Lightness is the attribute of a color that describes how bright or dark it appears, on a scale from pure black (zero lightness) to pure white (maximum lightness). Together with hue and saturation, lightness is one of the three dimensions needed to fully specify a color in models like HSL and OKLCH.
At 0% lightness, any hue becomes black. At 100% lightness in HSL, any hue becomes white. The pure, fully saturated version of a color sits at 50% lightness in HSL, but the perceived brightness of that pure color varies significantly by hue.

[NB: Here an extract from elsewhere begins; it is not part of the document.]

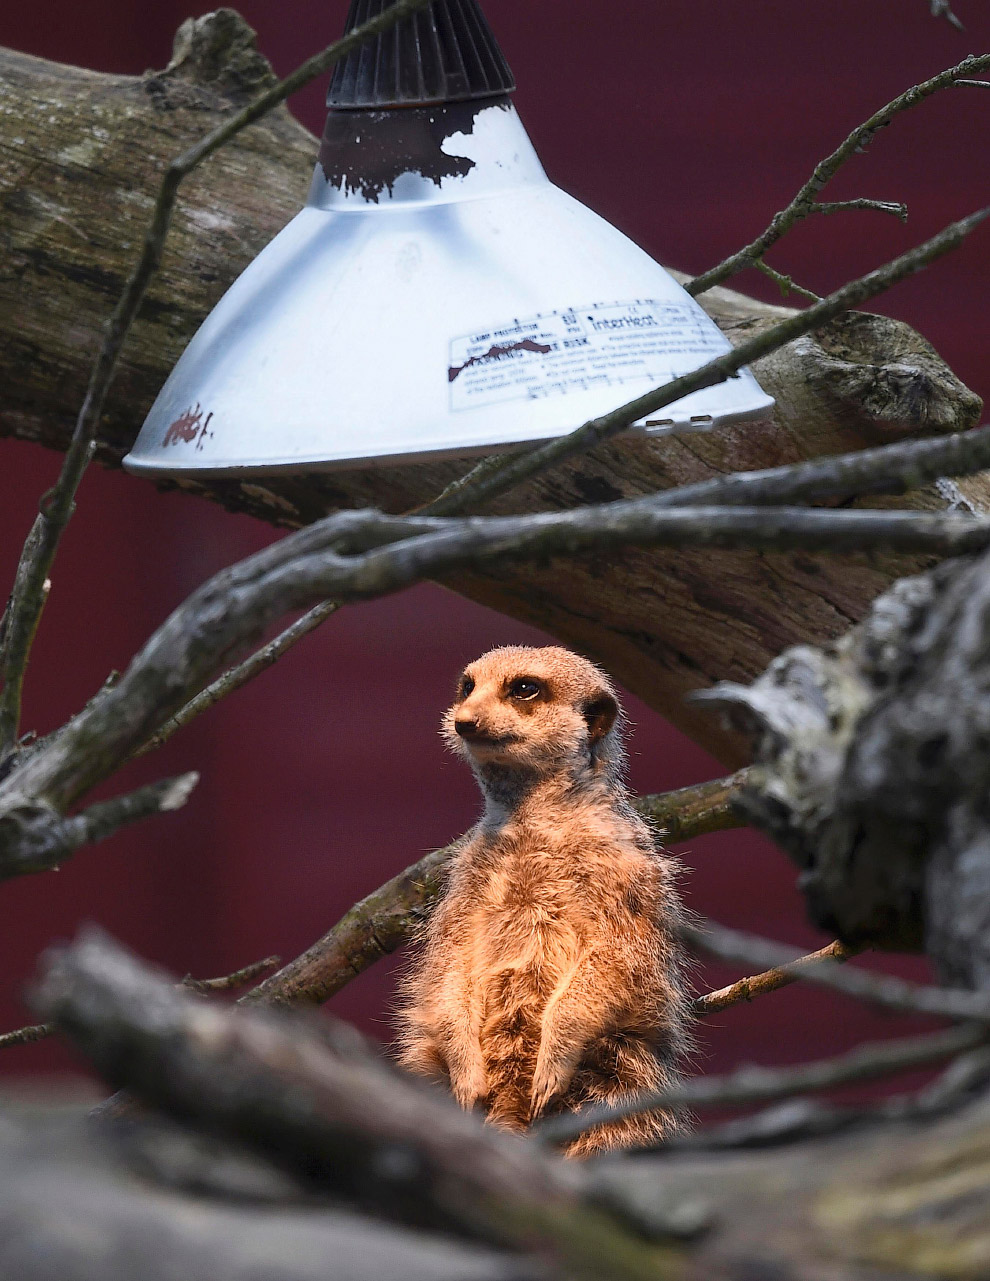 Сурикат в солярии в английском зоопарке

Different color models define and measure lightness differently. HSL's lightness is mathematically simple but perceptually non-uniform. OKLCH's lightness (the L in OKLCH) is perceptually uniform: a change of 10 lightness units looks like the same perceptual shift regardless of hue.
Lightness is the single most important dimension for contrast and accessibility. The WCAG contrast ratio formula is fundamentally based on the difference in relative luminance (closely related to lightness) between two colors. Text is readable because it differs in lightness from its background. Hue contrast alone is insufficient.

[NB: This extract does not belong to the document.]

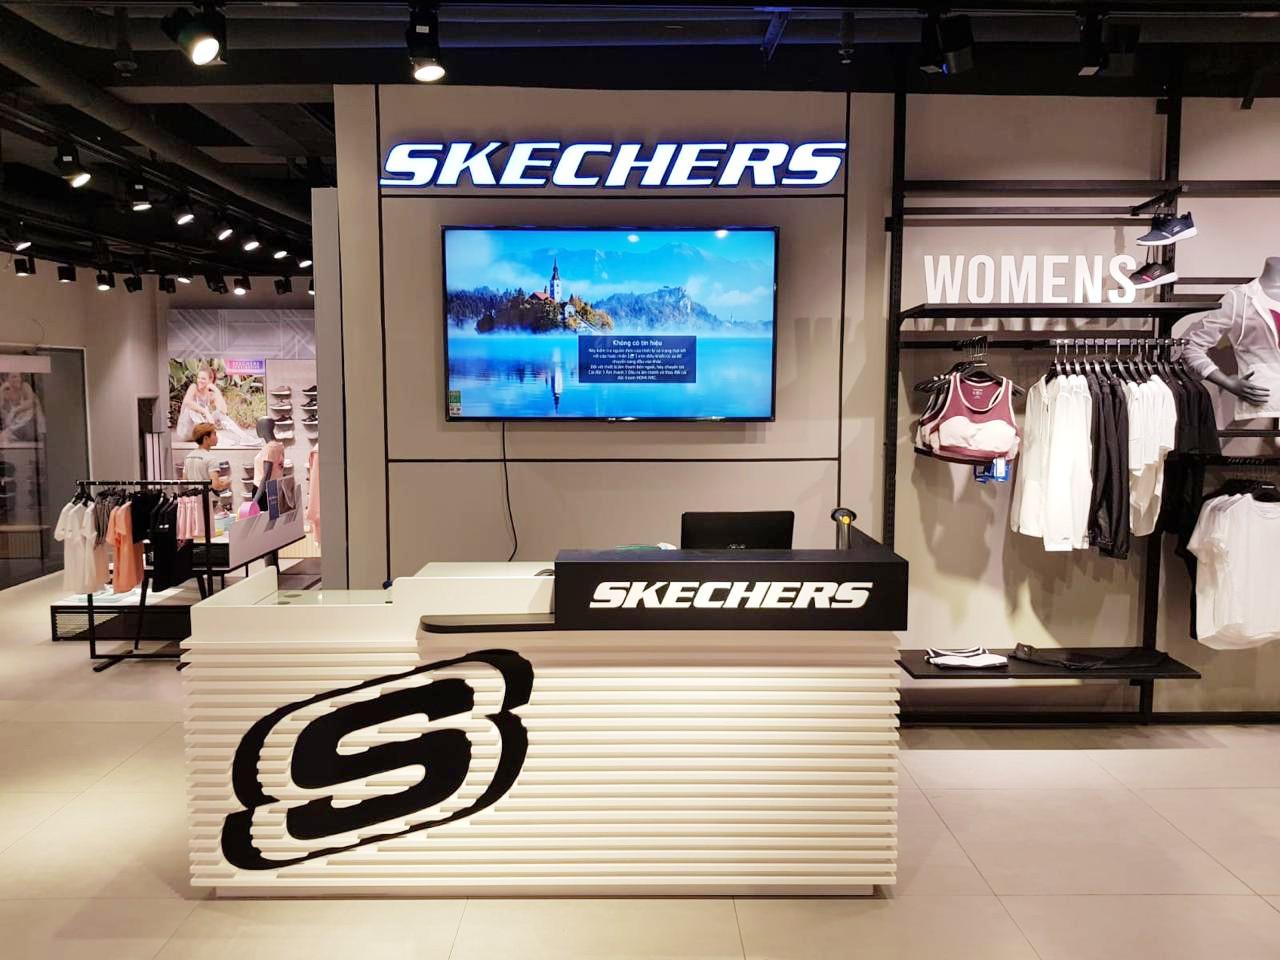 Bất ngờ kép từ Skechers: Karik trở thành đại sứ thương hiệu, chính thức khai trương Flagship Store tại Việt Nam - Ảnh 5.

Lightness also drives visual hierarchy in UI design. Headlines are typically darker (or lighter in dark mode) than body text; disabled states use reduced lightness contrast; backgrounds and surfaces are distinguished by small lightness steps. An entire UI can be designed effectively in a single hue if the lightness range is rich enough.
In HSL: Adjust the L value from 0%-100%. Simple, but perceptually non-uniform. A 10-point lightness increase looks much larger in dark colors than in light ones.
In OKLCH: Adjust the L value from 0-1 (or 0-100 in some tools). Perceptually uniform: a consistent change in L produces a consistent perceived change. This is why OKLCH is preferred for generating shade scales programmatically.
Generating shade scales: A shade scale is a set of lightness steps for a single hue and saturation. In a well-designed scale, each step represents an equal perceptual jump in lightness. Use a contrast checker to verify accessibility across the scale.
A lightness scale for a blue hue in OKLCH (perceptually uniform steps):
Lightness is the perceptual dimension of light-to-dark in HSL. Brightness (or Value) is the same concept in HSV/HSB. Luminance (relative luminance in WCAG) is a physically-derived measure of how much light a color emits relative to white. All three describe the light-to-dark quality of a color, but they are computed differently and have different perceptual accuracy. OKLCH lightness is the most perceptually accurate of the design-facing measures.
Because HSL lightness is mathematically defined, not perceptually defined. The human eye has different sensitivity to different wavelengths. We are most sensitive to yellow-green light and least sensitive to blue. So a yellow hue at 50% HSL lightness reflects more perceived brightness than a blue at the same lightness. OKLCH corrects for this by basing its lightness channel on measured human visual response.
Most design system shade scales have 10-12 steps, typically labeled 50, 100, 200, 300, 400, 500, 600, 700, 800, 900, and sometimes 950. This range covers all practical UI uses from background tints (lightest) to text on white backgrounds (darkest). Fewer steps leave gaps in coverage; more steps introduce ambiguity about which shade to use.